What is required
Beginning with the line containing "Action Comics Vol. 1 #958", write out each line exactly through the end of the listing, and skip all pictures.

Supplied data

<<<<

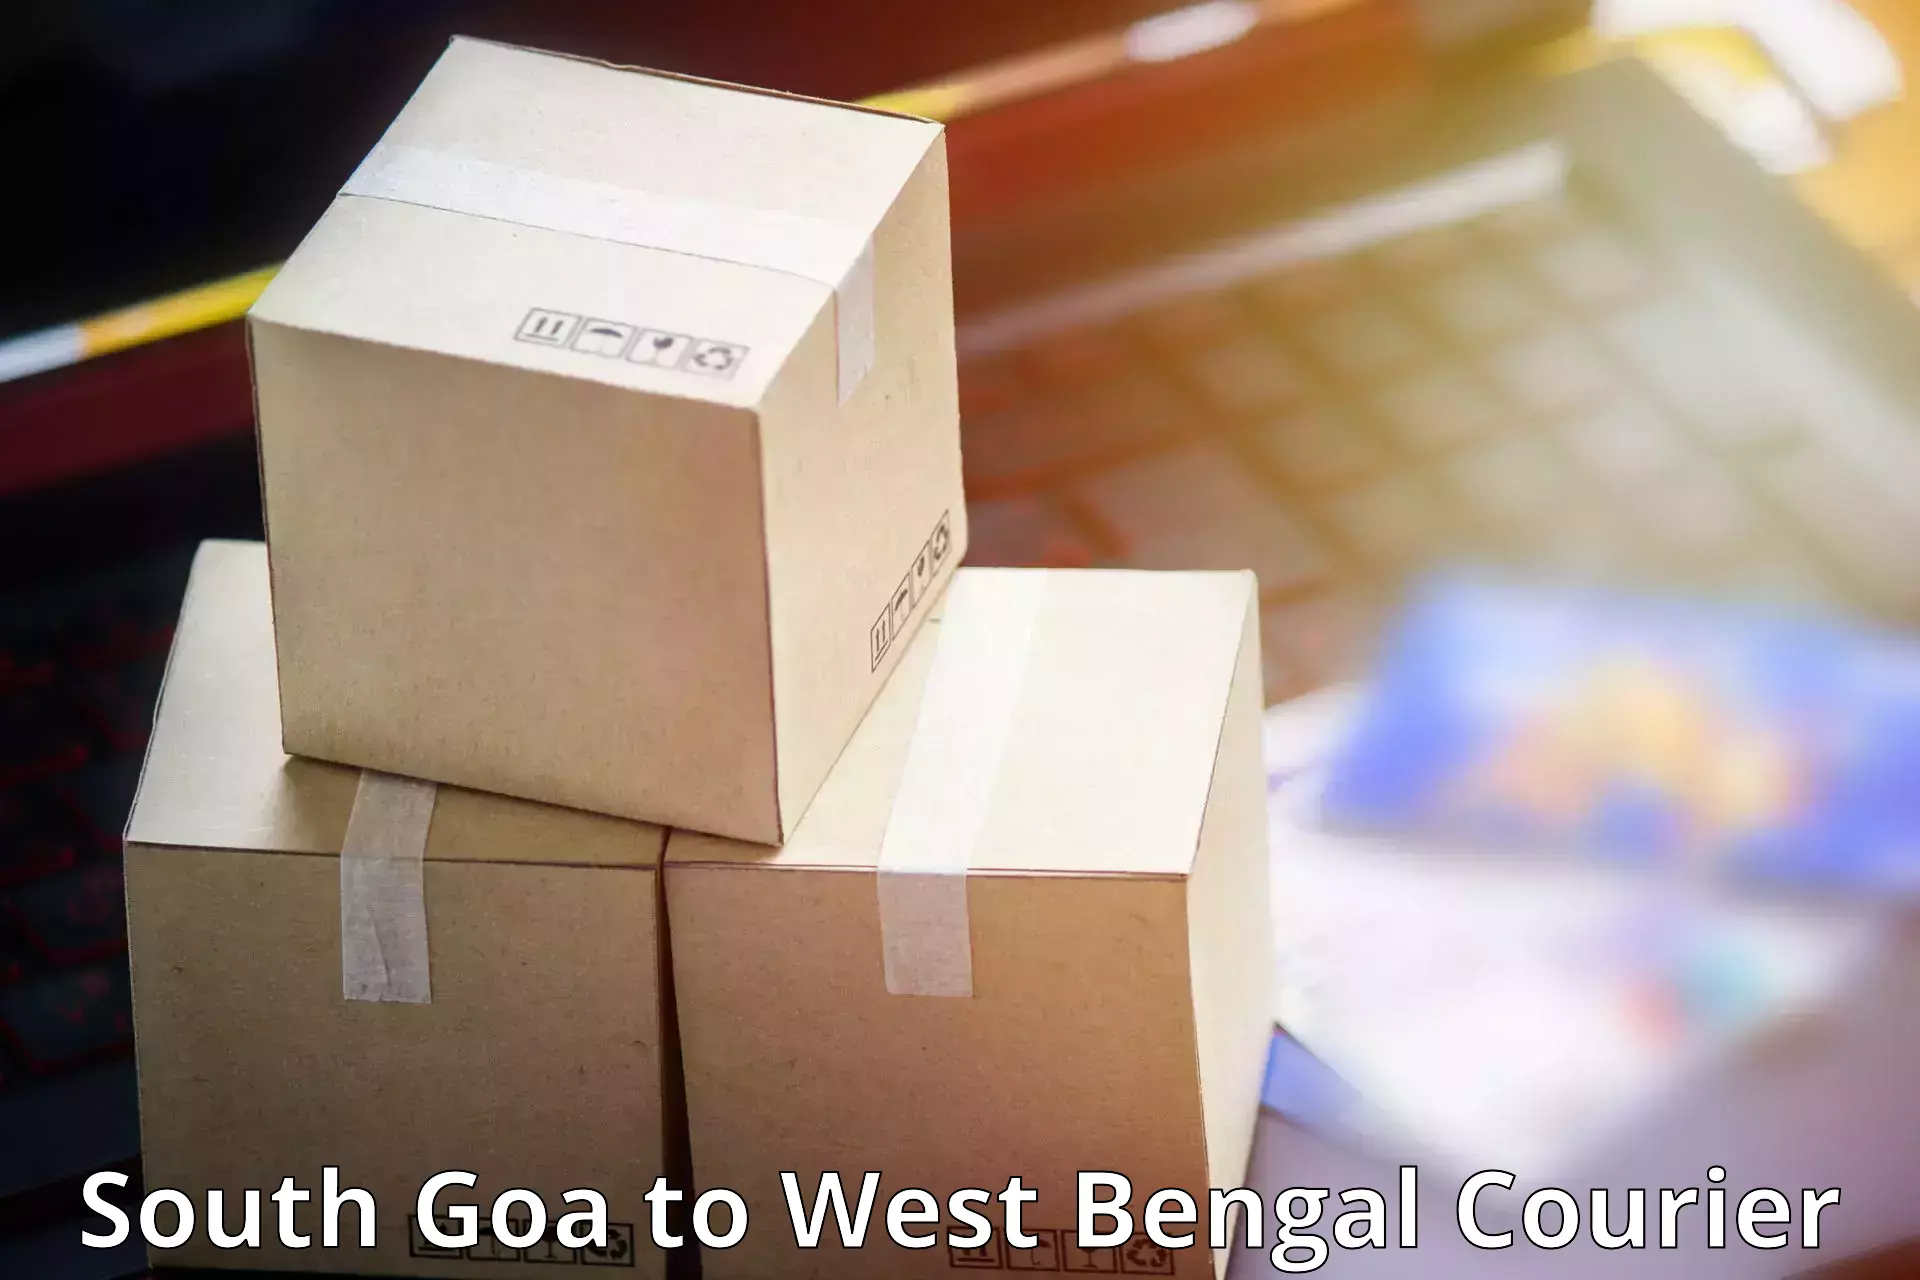 Easy access courier services South Goa to Manbazar
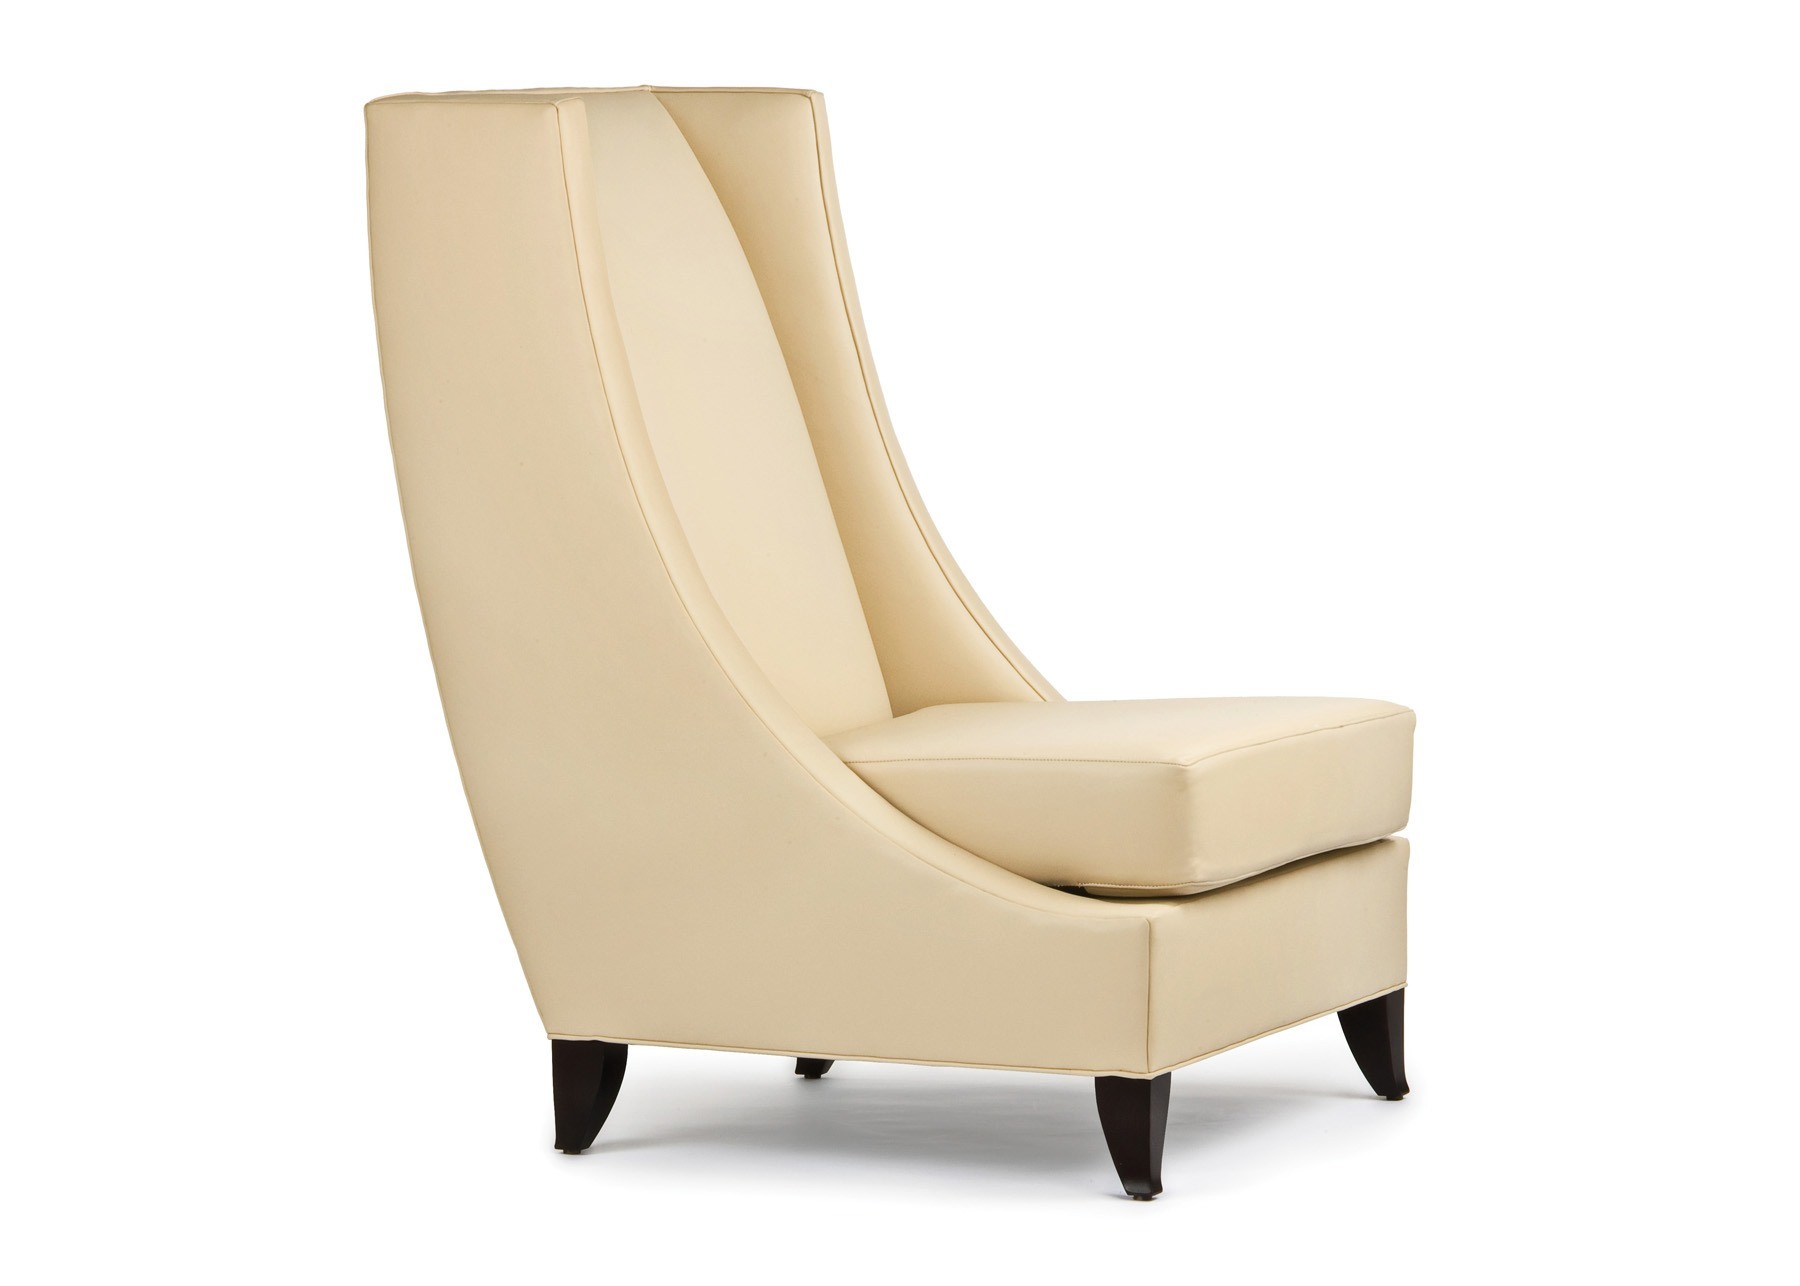 Cabot Wrenn Diego Armless Lounge Chair
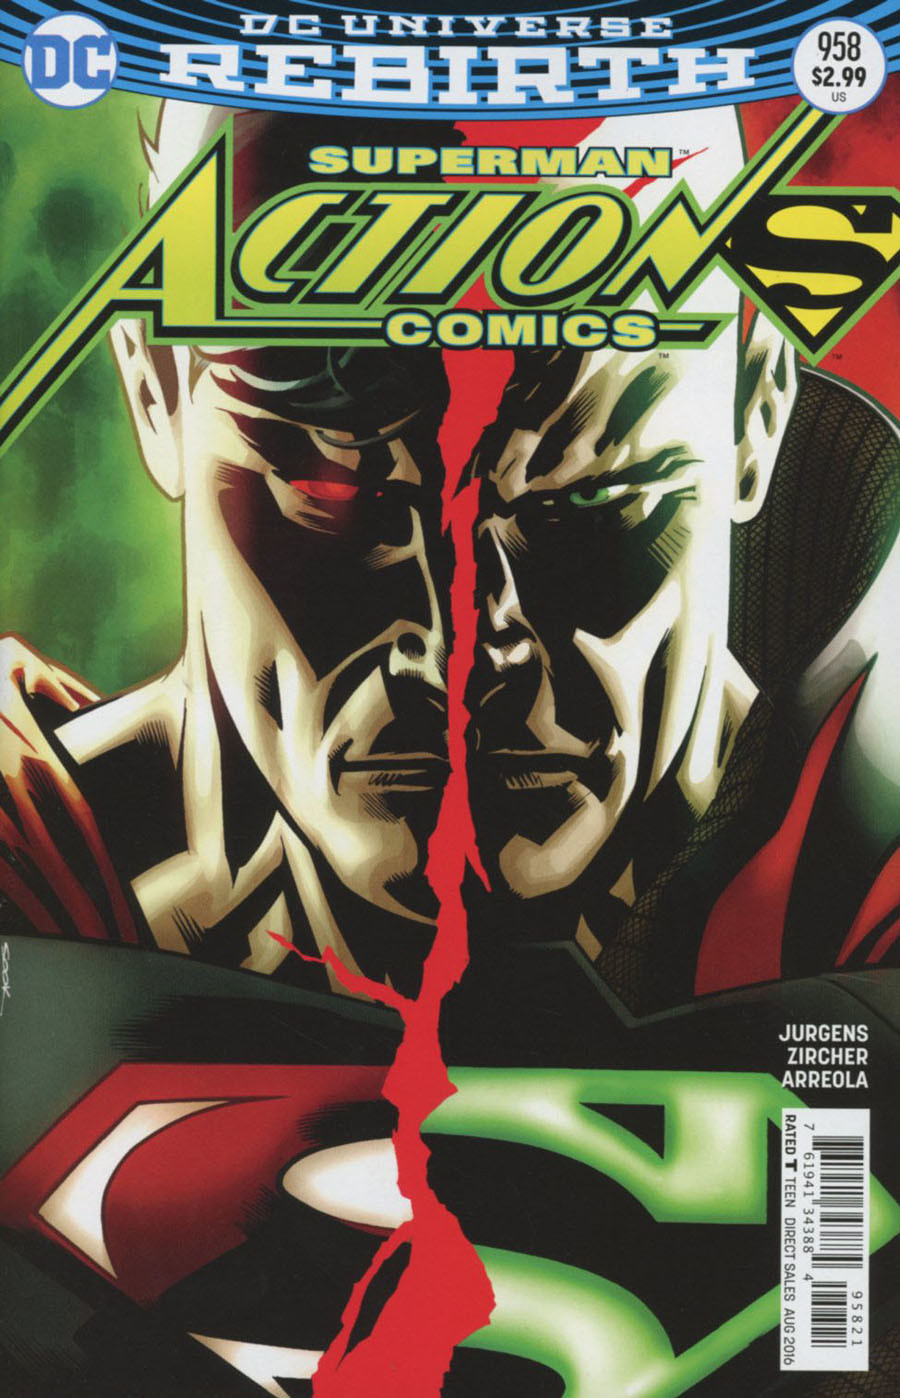 Action Comics Vol. 1 #958
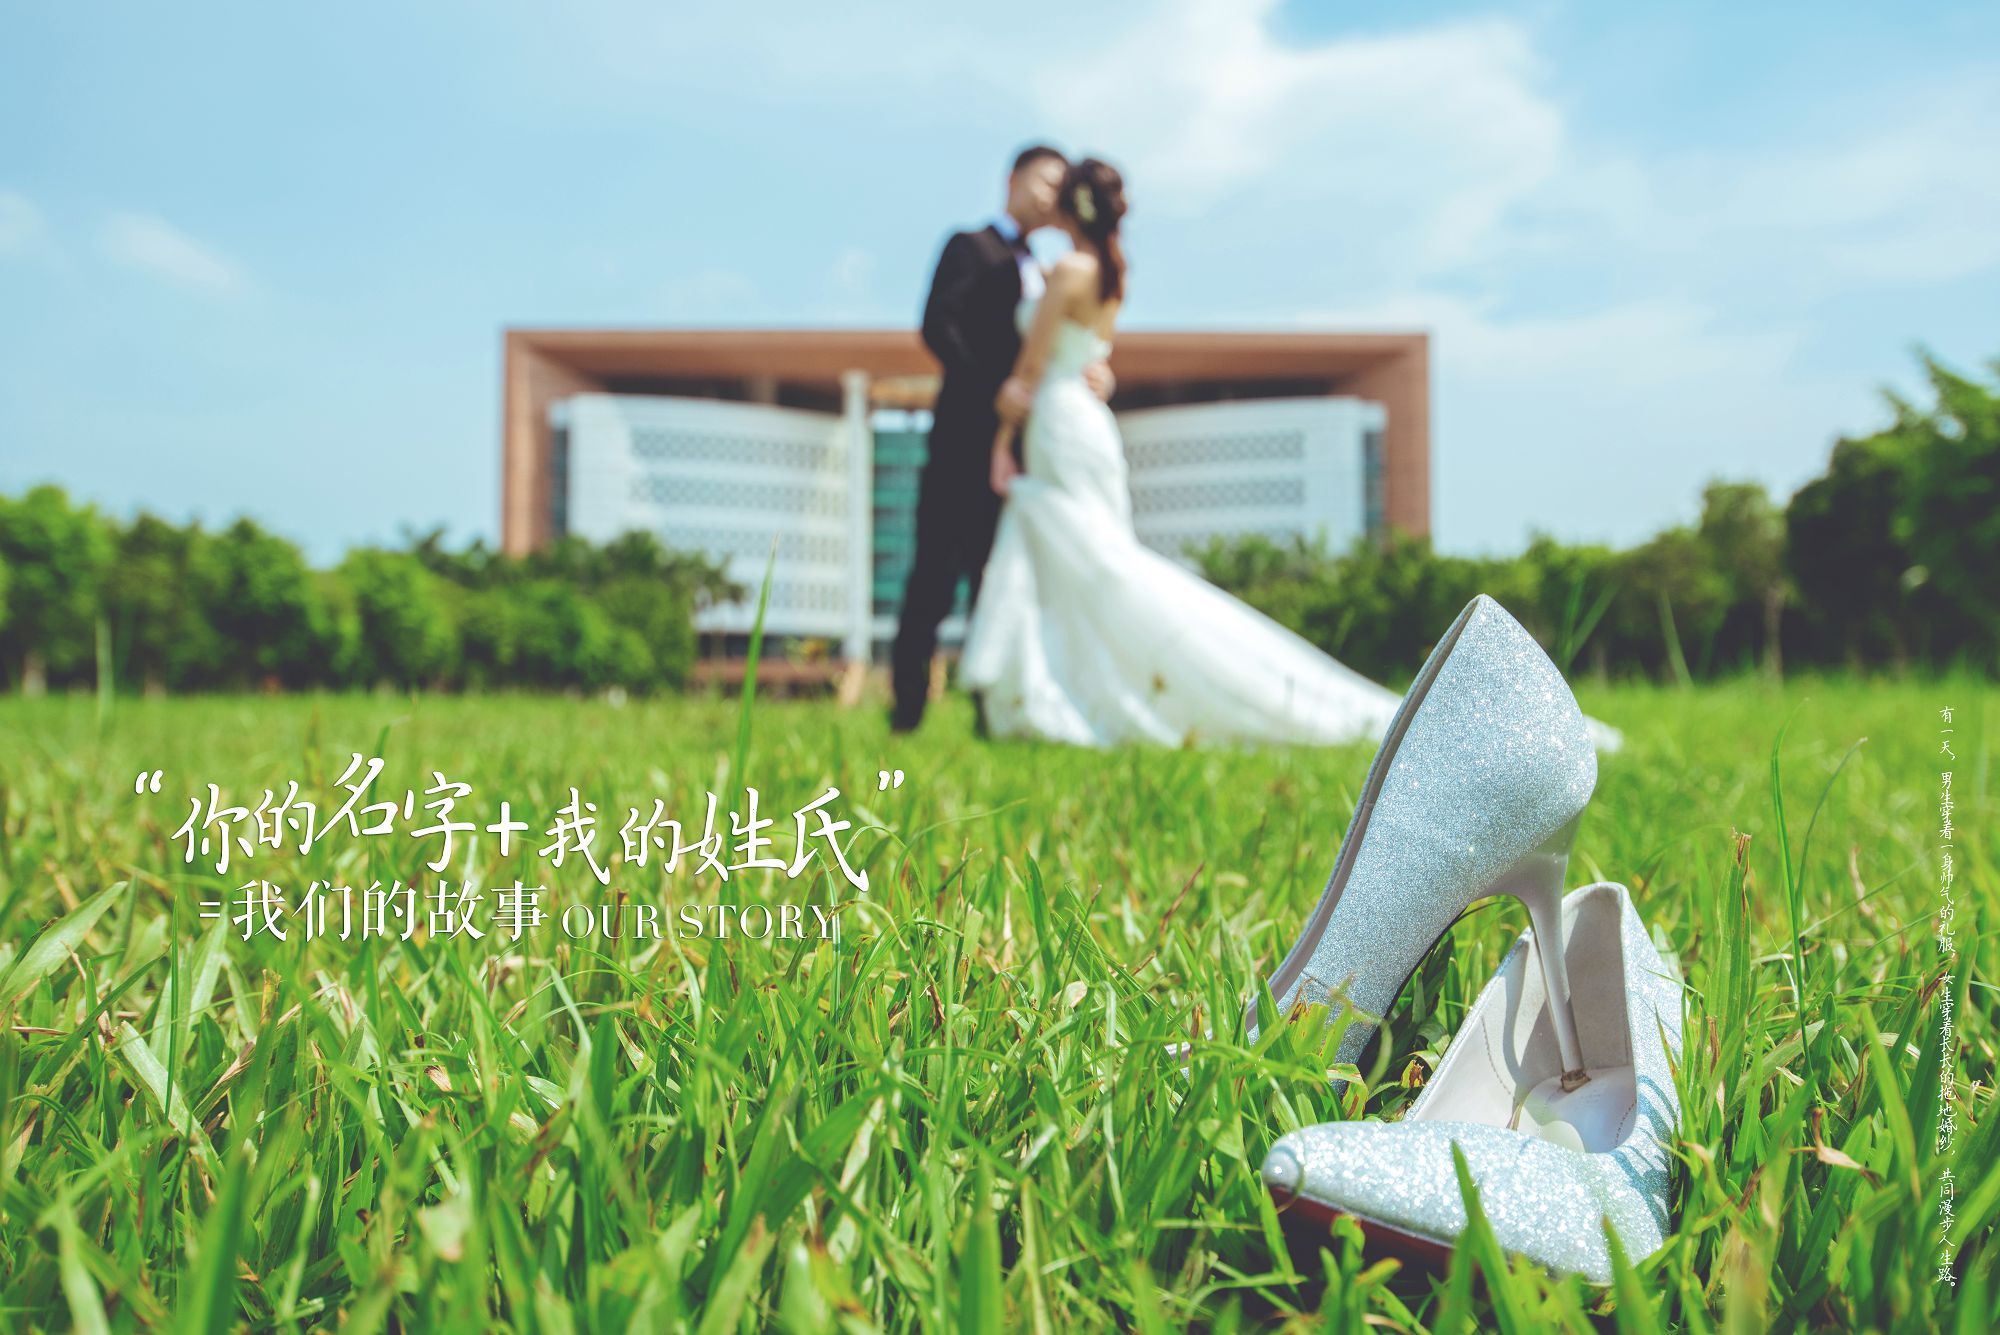 2018年11月广州婚纱照图片,广州婚纱照,婚纱照图片

>>>>

Your response
 Action Comics Vol. 1 #958
 2018年11月广州婚纱照图片,广州婚纱照,婚纱照图片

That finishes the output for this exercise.